If you're pregnant and you think you've come into contact with someone with measles and you know you're not immune, you should see your GP as soon as possible. Your GP can advise you about treatment to reduce your risk of developing measles.

Preventing measles 

'The best way to avoid catching measles is to have the:

The MMR vaccine

The MMR vaccine is part of the routine childhood vaccination programme. One dose is usually given to a child when they are 12-13 months old and a second dose is given before they start school, usually between three and five years old.

Contact your GP if you are uncertain about whether your child’s vaccinations are up to date.

Adults and children who are 6-13 months old can also have the MMR vaccine if they are at risk of catching measles. For example, vaccination may be recommended if there is an outbreak of measles in your local area, you have been in close contact with someone who has measles, or you are planning on travelling to an area where the infection is widespread.

Children who have the vaccine before their first birthday should still have the two routine doses at around 13 months of age and before they start school.

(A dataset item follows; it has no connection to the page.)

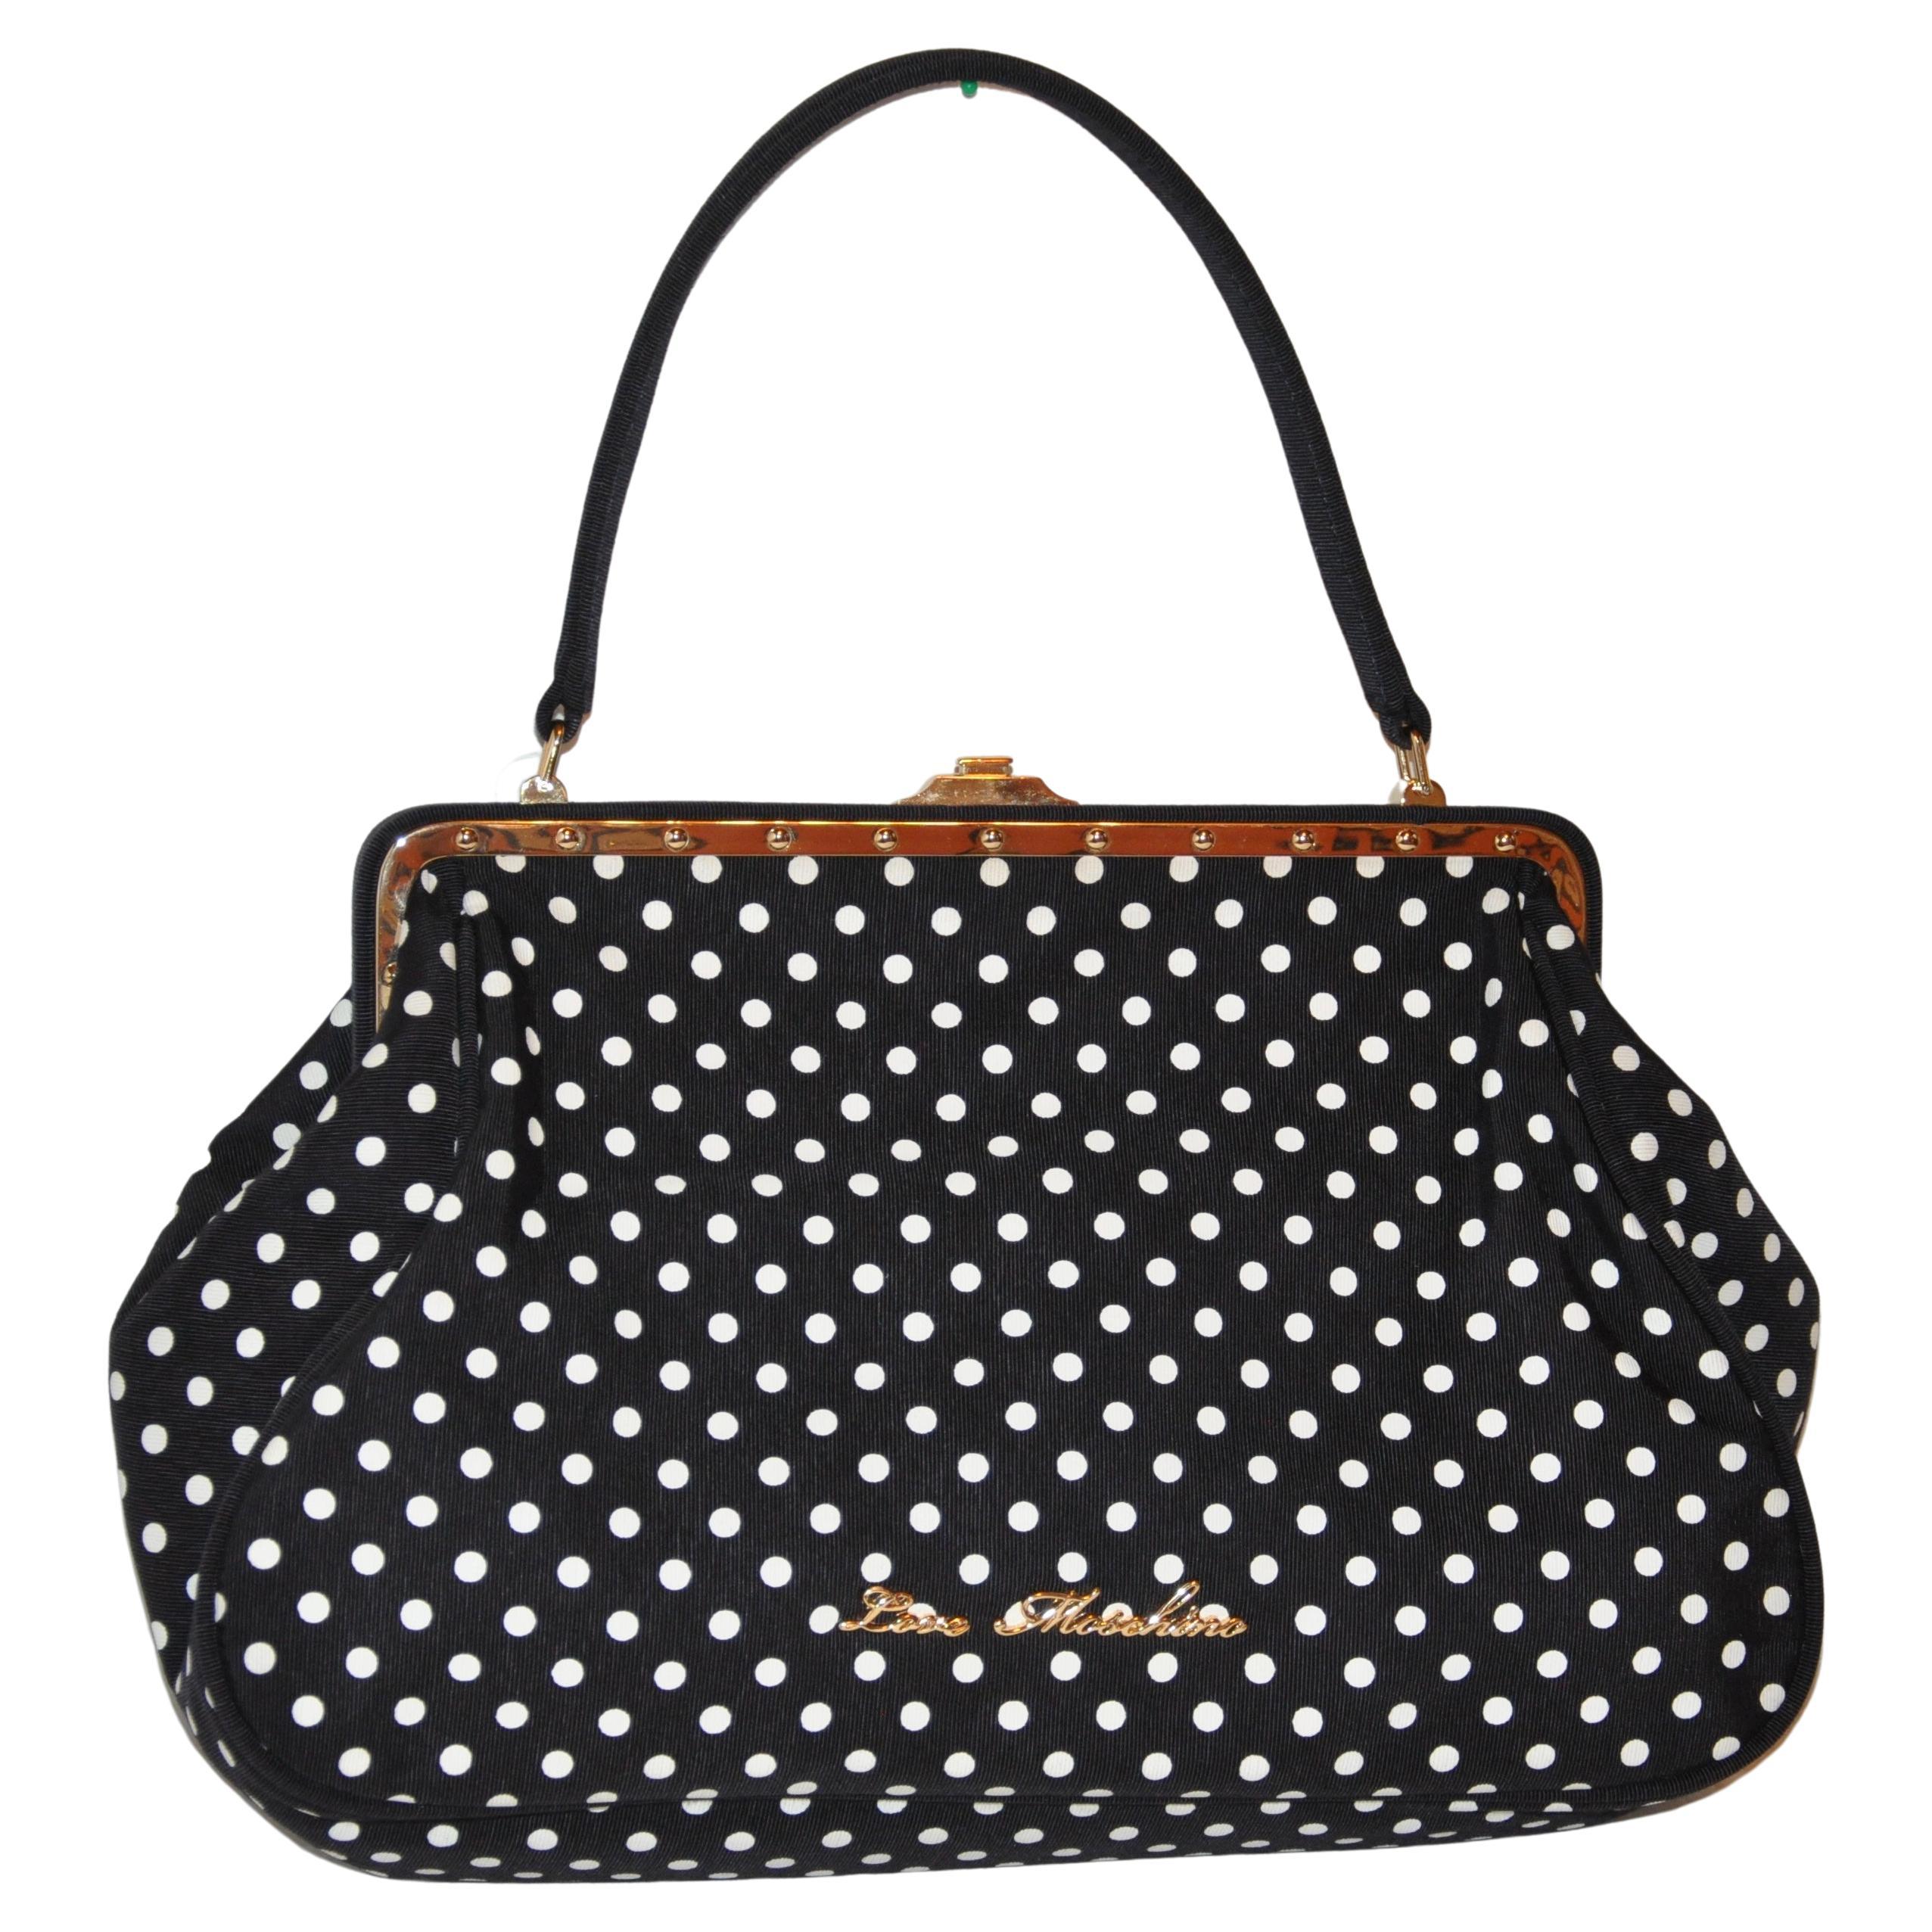 Moschino Black with White Polka Dot and Gilded Gold Hardware Accent Handbag

If you are not sure whether you were vaccinated in the past, having the MMR vaccine again will not cause you any harm.

Children under six months

The MMR vaccine is not recommended for babies aged under six months. If the child's mother has had measles in the past, the child will usually have some antibodies to measles already in their system, passed on from their mum at the time of birth. These antibodies may give them some protection for the first few months after they are born.

If their mother has not had measles before getting pregnant, a child under six months old may be given an injection of human normal immunoglobulin (HNIG) if they have a weakened immune system. HNIG is not a vaccine. It is a special concentration of antibodies that can give short-term but immediate protection against measles.

Pregnant women

If you're planning to get pregnant and you have not had measles in the past, talk to your GP about having the MMR vaccine.

The MMR vaccine is not recommended during pregnancy, so you may be offered a HNIG injection instead if there is a risk you have been exposed to the measles virus while you are pregnant.

Limiting the spread of infection

While you have measles, it is important to reduce the risk of spreading the infection to other people.

If you or your child have the condition, you should avoid work or school for at least four days from when you first developed the measles rash.

You should also try to avoid contact with people who are more vulnerable to the infection, such as young children and pregnant women.